Bierman (1993) finds that 73 of 74 Fortune 100 firms use discounted cash flow analysis, with IRR being preferred over NPV. The payback period method also remains a very popular method in practice, though not as a primary technique. Trahan and Gitman (1995) confirm that, based on a 1992 survey of 58 of the Fortune 500 large firms and 26 of the Forbes 200 best small firms, most companies used DCF methods as their primary evaluation instrument, although these methods were more essential for the large (88 per cent for NPV and 91 per cent for IRR) than for the small firms (65 and 54 per cent).
A recent analysis by Graham and Harvey (2001), which is the most comprehensive survey published on capital budgeting practices to date (using answers from a 1999 survey among 392 Chief Financial Officers (CFOs) of companies in the U.S and Canada) shows that the NPV and IRR techniques are the most commonly used capital budgeting techniques.
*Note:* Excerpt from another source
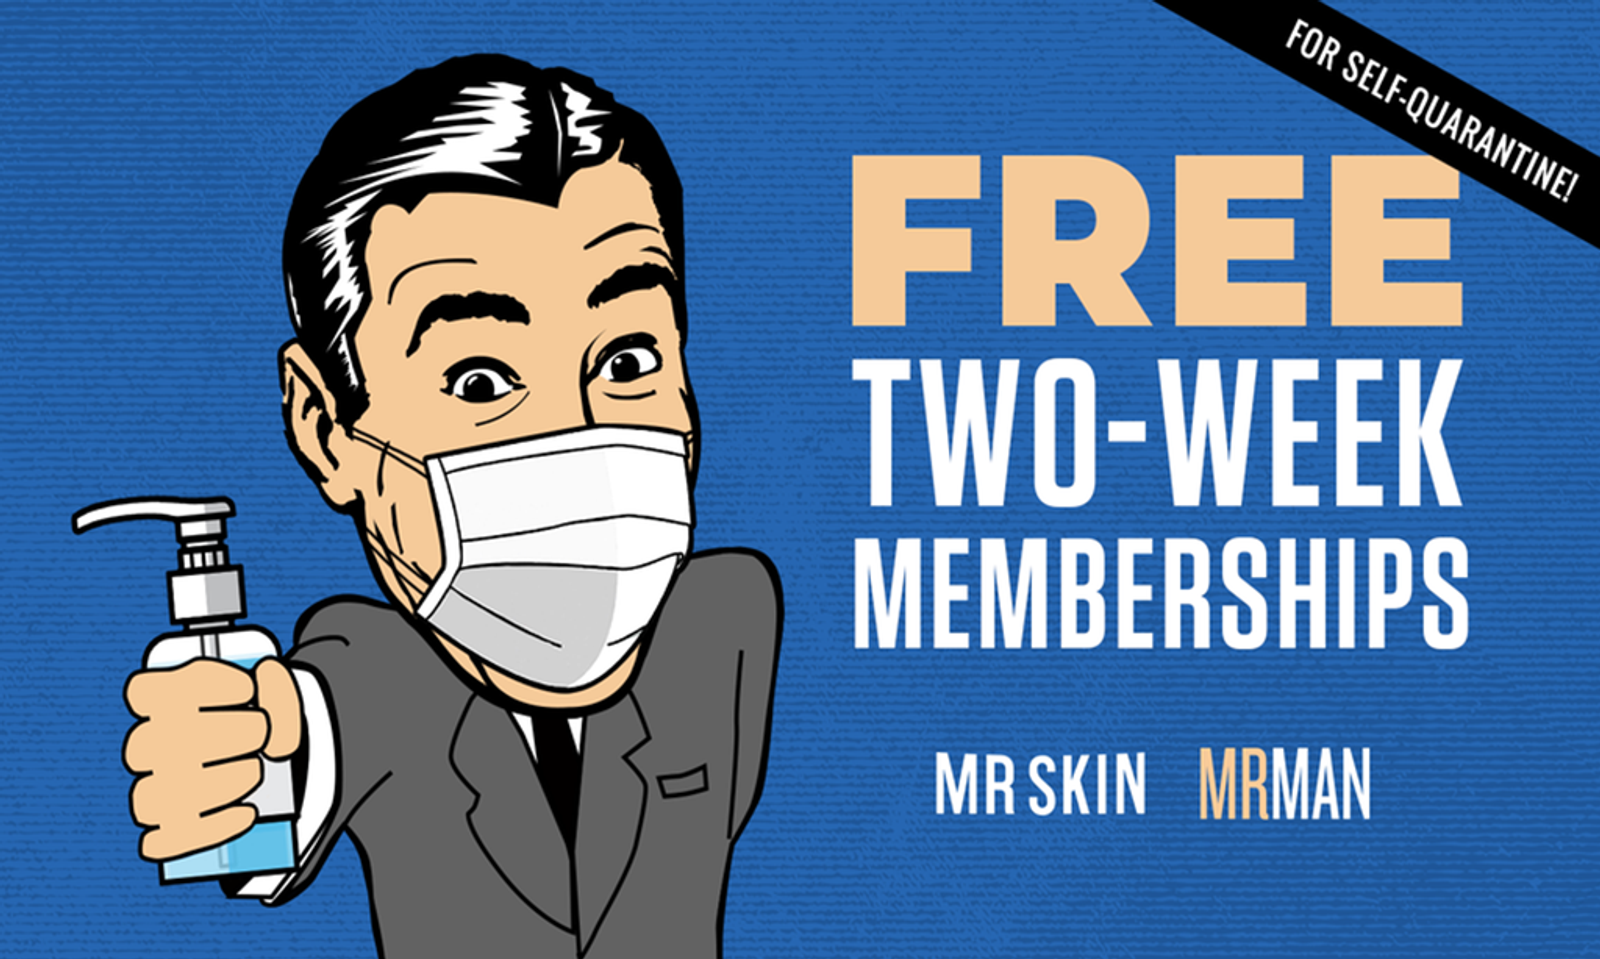 Mr. Skin, Mr. Man Offer Free 2-Week Memberships During Quarantine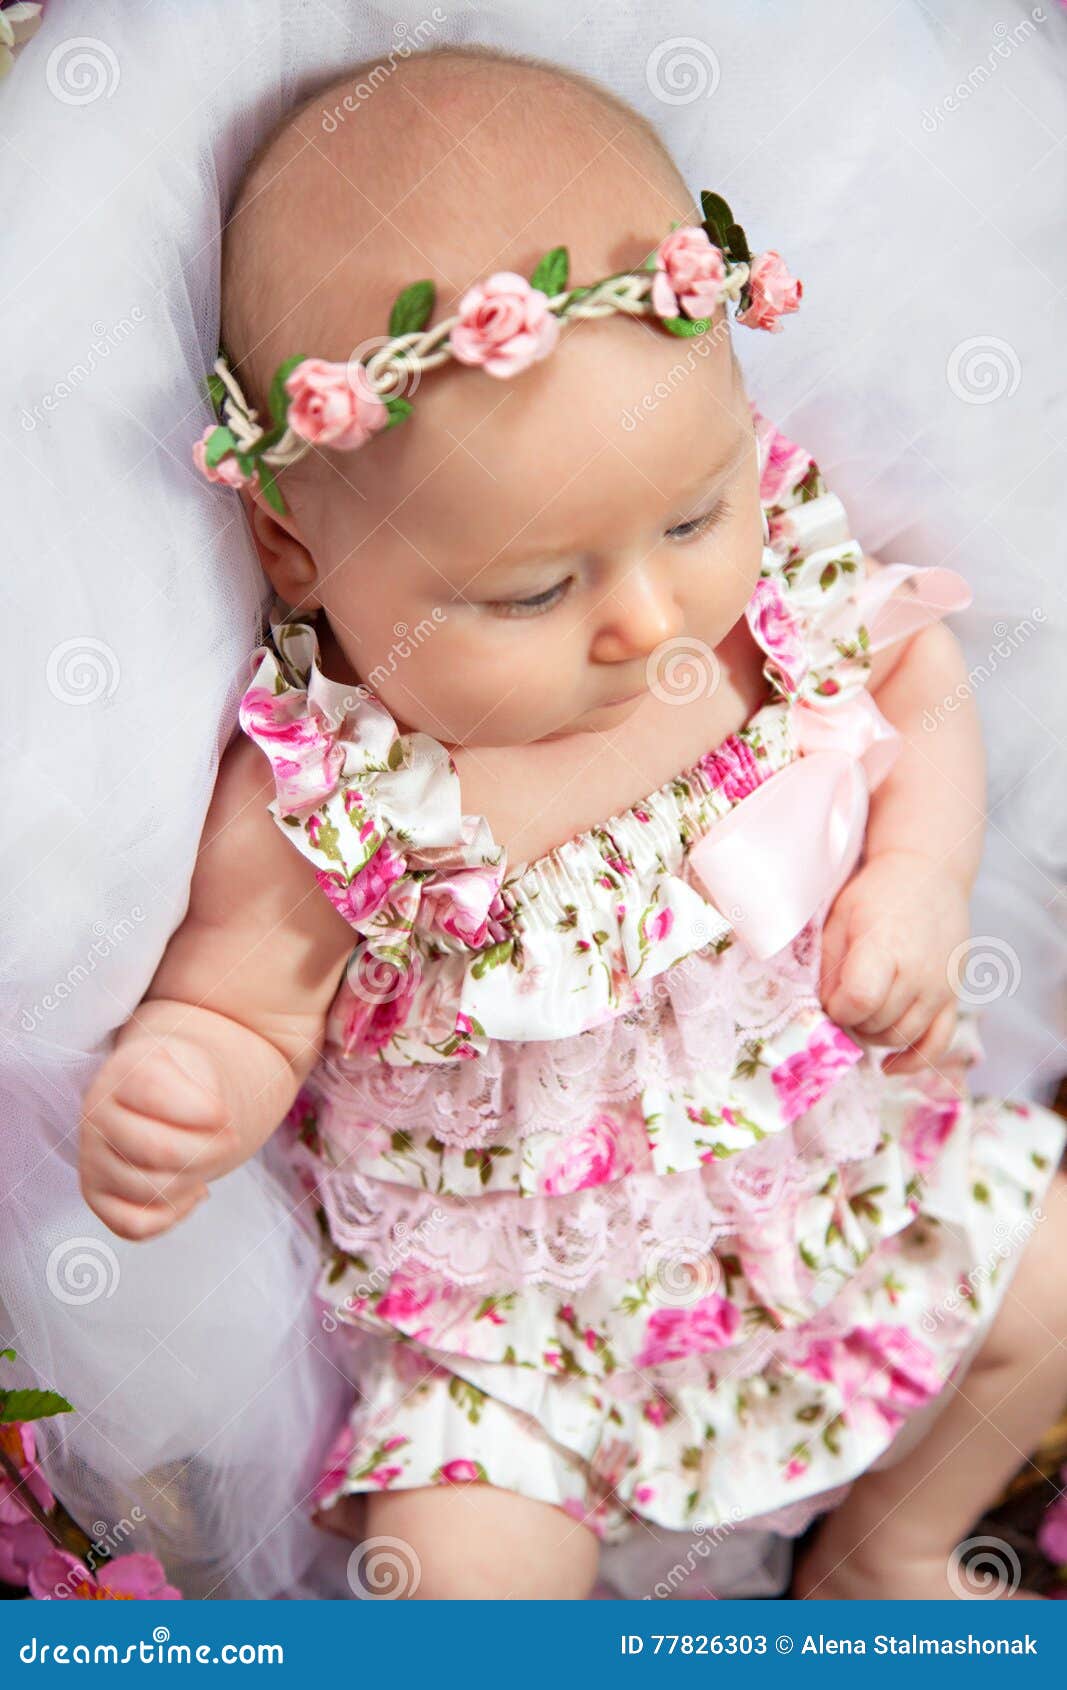 Lovely Little Child Girl in Princess Fairy Dress Stock Image ...

This survey reports that 75 per cent of the CFOs always use NPV and 76 per cent frequently or almost always use the IRR method.
Surveys of capital budgeting practices in the UK and USA expose a trend towards the increased use of additional complicated investment appraisals requiring the purpose of DCF techniques. Another survey carried out by Pike (1996) on capital budgeting practices of large UK companies between 1975 and 1992 reported a substantial increase in the usage of discounted cash flow. According to survey he has identified 75% and 81% UK firms are applying NPV and IRR respectively.
Several writers, however, have claimed that companies are under investing because they misuse or misunderstand DCF techniques. These claims were derived on the basis of observations in only a few firms, without any supporting statistical substantiation. Reports on a recent survey conducted by the Drury C & Tayles M (1997) suggest that many UK firms are responsible of misapplying DCF techniques.
In theory would suggest that DCF method is more superior to the traditional method, on that NPV is superior to IRR. Even though in theoretically NPV technique of investment appraisal is superior in pragmatic ground its rivals are over. It is proved that survey conducted by Arnold & Hatzopoulos (2000) and Graham & Harvey (2001). These surveys done in UK and more generally and they have revealed that techniques less behind for its rivals.